To the point on the inferred association made by the Copyright Office never being directly tested by the courts (paraphrased).
Well that's not entirely accurate.

While its true, to the best of my knowledge, that no foreign government has sought legal relief either way in the U.S. courts over copyright concerning their official works, many local and State governments have addressed (then readdressed) this in the courts - in spite of the 'Wheaton-Public Policy' guiding principle remaining sound. Keeping in mind that at some point in history (believe it started with the 1909 Copyright Act), the Federal government was ejected from this debate entirely with the enactment of the blanket provision covering all works authored by any Federal employee (codified today as 17 U.S.C. 105), all that the relevant court rulings managed to accomplish here was the speedied nationalization/localization of what some think was an insider's monopolistic publishing scheme, unfairly contracted out to chronicle the key areas of governance for a tidy sum in return. Nobody was rioting in the streets demanding copies of the local building codes or anything as noble as that.

Please recall; the courts said 'one could not profit from these works at the expense of limiting their access to the public' - they never said you couldn't insure to do both at the same time.... But you had to be the government, not a sub-contractor for it, to accomplish both aims satisfactorily and that is exactly the path events were taking during this era. Eventually, most local & State governments subsidized the individual's "guaranteed" access to their works by commercially distributing to those who were willing to pay for having those works available at arm's-length access (universities, law firms, corporations, etc.) instead. Both Wheaton and Peters are part of the modern day U.S. Reports for example and the prohibitive cost of an in-house Printing Office for most States or municipalities means contract-publishing is still very common today.

Also remember; it wasn't until the enactment of the 1976 Copyright Act that Federal law completely usurped local and state Common laws on copyright. This meant the whole 'affixing notice, timely registration & renewals by schedule' thing was largely done for appearance sake than any legal jeopardy or public necessity, if done at all, by the States (the nice thing about generating ridiculous amounts of content that nobody else has access to, nor the authority over, is you don't have to worry about counterfeiting & piracy stuff so much). Only the recent rise of the Internet would force these local and state actors back into what we'd consider "copyright compliance" - though the end of the recognition of Common Law copyright & the monopolies they protected by the 1976 Act had to have helped. If you look at the Copyright.gov registry today, you'll find oodles & oodles of local and state registrations for their official works - the [ironic] defense used to satisfy the 'Wheaton-Public Policy' principle being official state and local web sites host the same government content for any & all with little to no cost to Joe Publick. California is the only state to mimic the current Federal law; anything generated by the government(s) of the State of California has been legislatively waived of any possible copyright claim and released to the public domain (w/ caveats for scientific, technological, etc. advances of course).
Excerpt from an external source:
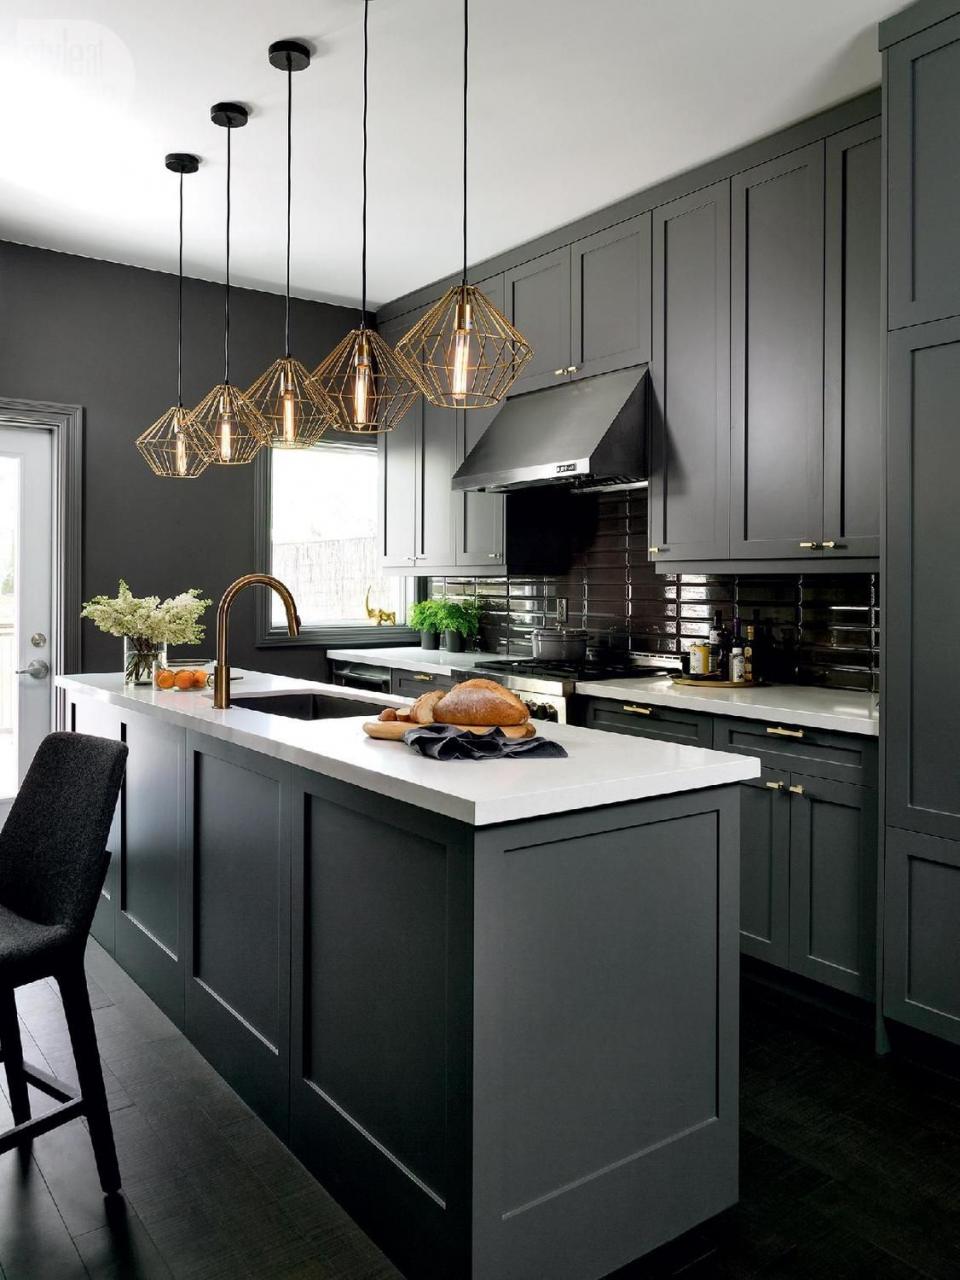 White and dark grey kitchen cabinet

So once again, the question of legality and policy of the copyright system falls to the relationship between any given level of government and it's citizenship. The absence of a foreign government & their official works being tested in a U.S. court for copyright infringement (or not) is of little significance and does not give rise to an "unanswered question" (imho). There is no lawfully-domestic-yet-unlawfully-foreign citizenship to speak of here (the U.S.), demanding free and unfettered access to something they really don't need to be made aware of nor have to abide by because, even if the work happens to have been created in English in the first place, the content is not made up of rules and regulations that touches them in some way regardless. The only reason for a foreign government to register anything with the U.S. Copyright Office is to secure standing ahead of suspected infringement and to deter counterfeiting, piracy, etc. (all of which would be preempted in U.S. courts by Treaties dealing with international copyright anyway if I'm not mistaken). -- George Orwell III (talk) 04:56, 12 April 2013 (UTC)

George I believe the above is primarily focused at #1 "Governments falling under US law.", but it trails the discussion on #2 "Governments outside of US Law" and includes some discussion about #2. Can you sort the arguments out so each stays separate? If non-US works survive this discussion they will at the very least have a separate version or indicator of PD-EdictGov. JeepdaySock (AKA, Jeepday) 10:45, 12 April 2013 (UTC)
I am sorry that this the way the discussion has developed but it necessary to fully understand the points I'm going to make by the "end" of each segment - which will fit into the #1 #2 list as a single summarized sentence (hopefully).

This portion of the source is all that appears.